Then: $$ \begin{gathered}m=0\\ \nabla f\left(x\right)=2x\\ d\left(k+1\right)=\left|x\left(k+1\right)-m|=|x\left(k\right)-\eta\left(k\right)\nabla f\left(x\left(k\right)\right)-0\right|=\\ \left|x\left(k\right)-\eta\left(k\right)2x\left(k\right)\right|=\left|x\left(k\right)\right|\cdot\left|1-2\eta\left(k\right)\right|=\\ \left|x\left(k\right)-m\right|\cdot\left|1-2\eta\left(k\right)\right|=d\left(k\right)\left|1-2\eta\left(k\right)\right|\\ \downarrow\\ d\left(k+1\right)=d\left(k\right)\left|1-2\eta\left(k\right)\right| \end{gathered} $$

Therefore, assuming that $x(0)\not=0$, it holds that $d(k)$ is a geometric progression that converges to $\infty$ for any $\eta>1$.

E.g. for $\eta=1.01$:
Example 1 (Points get darker as $k$ increases.)
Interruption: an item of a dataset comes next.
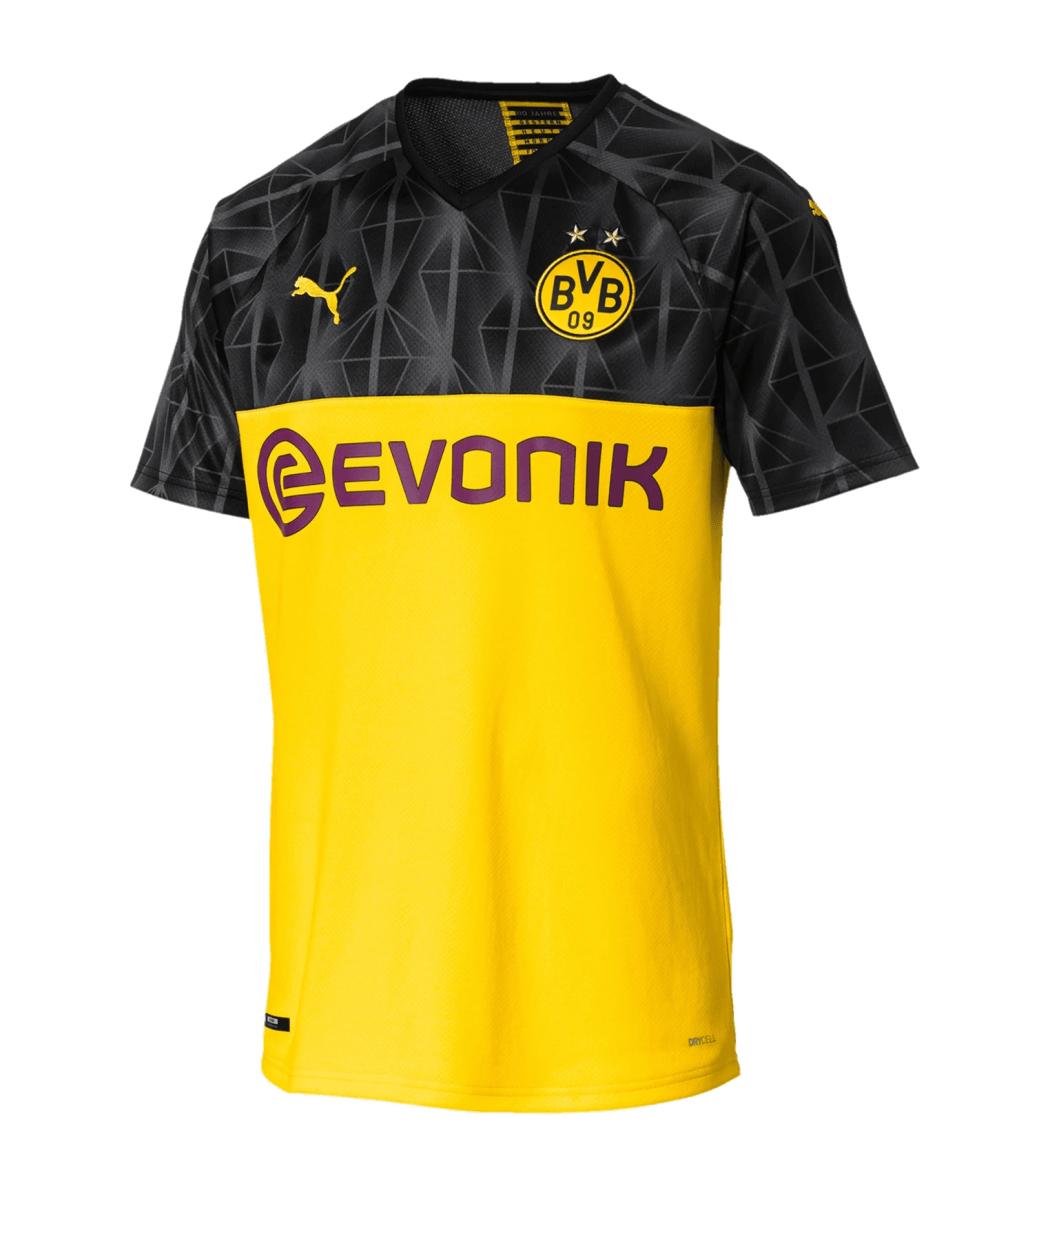 30% Rabatt bei Kicker.de auf Fanshop Artikel Bundesliga Serie A Premie League

Example 2: $\eta(k)$ is constant, and $\underset{k\rightarrow\infty}{\text{lim}}\space d\not=\infty,0$

Let $f=x^2$.
As shown above, $d\left(k+1\right)=d\left(k\right)\left|1-2\eta\left(k\right)\right|$, so for $\eta=1$, we get $d\left(k+1\right)=d\left(k\right)\left|1-2\right|=d\left(k\right)$, i.e. $d(k)$ is constant, and $x(k)$ is the sequence $x(0), -x(0), x(0), -x(0), ...$

Example 2


By the way, it is interesting to see that for $\eta=0.5$, the GD converges after a single step for any $x(0)\not=0$.

Example 3: $\underset{k\rightarrow\infty}{\text{lim}}\space \eta (k)=0$ and $\underset{k\rightarrow\infty}{\text{lim}}\space d=\infty$

Let:

  • $f=x^4$
  • $\eta\left(k\right)=\frac{1}{k+1}$.
  • $x(0)=1$

Then: $$\begin{gathered}m=0\\ \nabla f\left(x\right)=4x^{3}\\ d\left(k+1\right)=\left|x\left(k+1\right)-m|=|x\left(k\right)-\eta\left(k\right)\nabla f\left(x\left(k\right)\right)\right|=\\ \left|x\left(k\right)-\eta\left(k\right)4\left(x\left(k\right)\right)^{3}\right|=\left|x\left(k\right)\right|\cdot\left|1-4\eta\left(k\right)\left(x\left(k\right)\right)^{2}\right|=\\ d\left(k\right)\cdot\left|1-4\frac{\left(d\left(k\right)\right)^{2}}{k+1}\right|\\ \downarrow\\ d\left(k+1\right)=d\left(k\right)\cdot\left|1-4\frac{\left(d\left(k\right)\right)^{2}}{k+1}\right| \end{gathered} $$ Therefore, if $d(k)\ge k+1$ (which also means that $d(k)\ge 1$), then: $$\begin{gathered} \frac{\left(d\left(k\right)\right)^{2}}{k+1}\ge1\\ \downarrow\\ \left|1-4\frac{\left(d\left(k\right)\right)^{2}}{k+1}\right|\ge3\\ \downarrow\\ d\left(k+1\right)\ge3d\left(k\right) \end{gathered} $$ and also: $$\begin{gathered}d\left(k+1\right)\ge3d\left(k\right)\ge3\left(k+1\right)\ge k+2\\ \downarrow\\ d\left(k+1\right)\ge k+2 \end{gathered} $$ We chose $x(0)=1$, so $d\left(0\right)\ge0+1$, and we can prove by induction that $d\left(k+1\right)\ge3d\left(k\right)$ for any $k\in\mathbb N$.
Thus, $d(k)$ is a geometric progression that converges to $\infty$.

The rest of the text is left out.